Contact: Amanda Reidelbach, Public Information Officer

Phone: (540) 223-6929



Goal is to Digitize Civil-War Era Documents for Research Purposes

LOUISA, VIRGINIA – The Virginia Sesquicentennial of the American Civil War Commission and the Library of Virginia have partnered to create a state-wide online collection of original Civil War manuscripts that still remain in private hands. The Civil War 150 Legacy Project: Document Digitization and Access focuses on manuscript materials created during the period 1859-1867 that reflect social, political, military, business and religious life in Virginia during the period of the Civil War and the early period of Reconstruction. Citizens are encouraged to bring original materials to be scanned and included in the project. Scanned materials will then be made available via the Library of Virginia and the Virginia Sesquicentennial of the American Civil War Commission web sites.

Civil War 150 Legacy Project staff will be visiting Louisa County in 2011 as follows:

March 15, 2011 – 9 am to 4 pm

June 18, 2011 – 10 am to 7 pm

September 20, 2011 – 10 am to 7 pm

All meetings will be held at the Louisa County Administration Building in the Public Meeting Room.
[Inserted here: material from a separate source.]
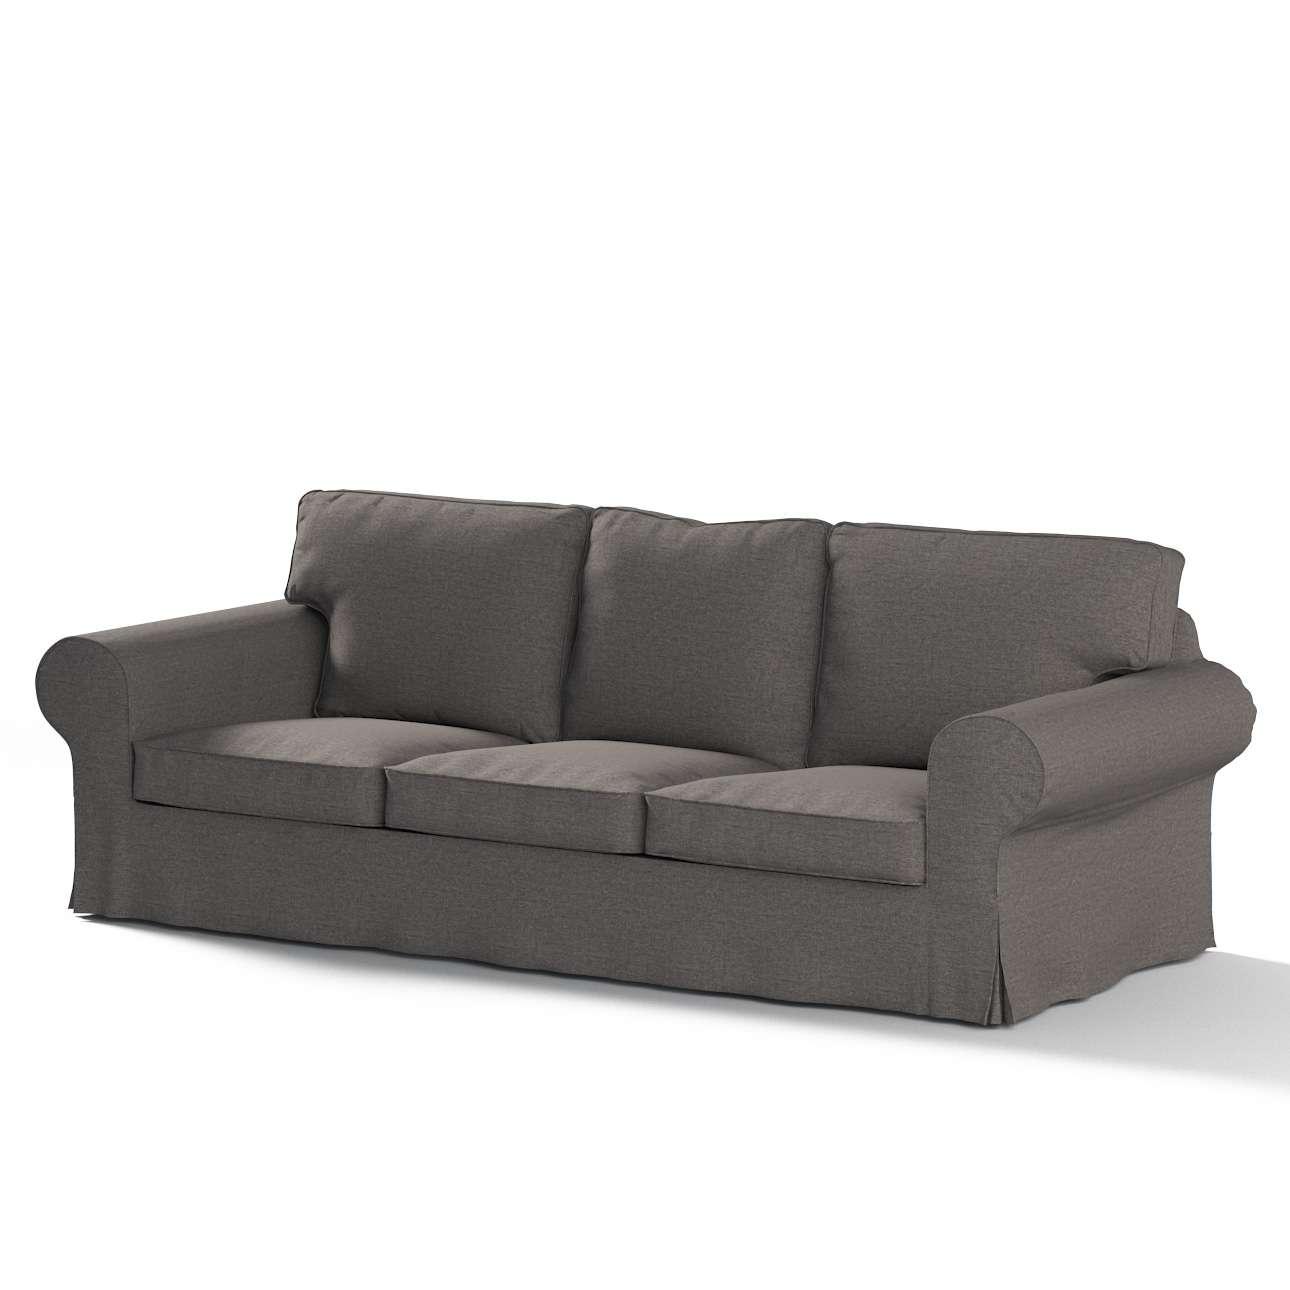 Pokrowiec na sofę Ektorp 3-osobową, nierozkładaną Sofa Ektorp 3-osobowa w kolekcji Edinburgh, tkanina: 115-77

Appointments will be made based on the following time allotments:

Diary Scan: 30-45 minutes

Letter Scan 5 pages or less: 10 Minutes

Letter Scan 6-15 pages:            30 Minutes

Letter Scan 11-25 pages: 60 Minutes

Photos: 5 Minutes per item

Please contact Lisa Bailey, Tourism Counselor, at (540) 223-5670, to schedule your appointment. Walk-ins will be accommodated as the schedule allows.

The Civil War 150 Legacy project is a multi-year initiative to locate, digitize and provide worldwide access to the private documented heritage of the American Civil War era located throughout Virginia. Utilizing local support and through partnership with the Library of Virginia and network of statewide connections, the Civil War 150 Legacy Project will provide individuals an opportunity to have their historic letters, diaries and other collections scanned to preserve their valuable intellectual content.

The Library of Virginia ( was created by the General Assembly in 1823 to organize, care for, and manage the state’s growing collection of books and official records — many of which date back to the early colonial period.  The Library houses the most comprehensive collection of materials on Virginia government, history, and culture available anywhere. The collections illustrate the rich and varied past of the Commonwealth, documenting the lives of Virginians whose deeds are known to all, as well as those of ordinary citizens whose accomplishments are the foundation of our heritage.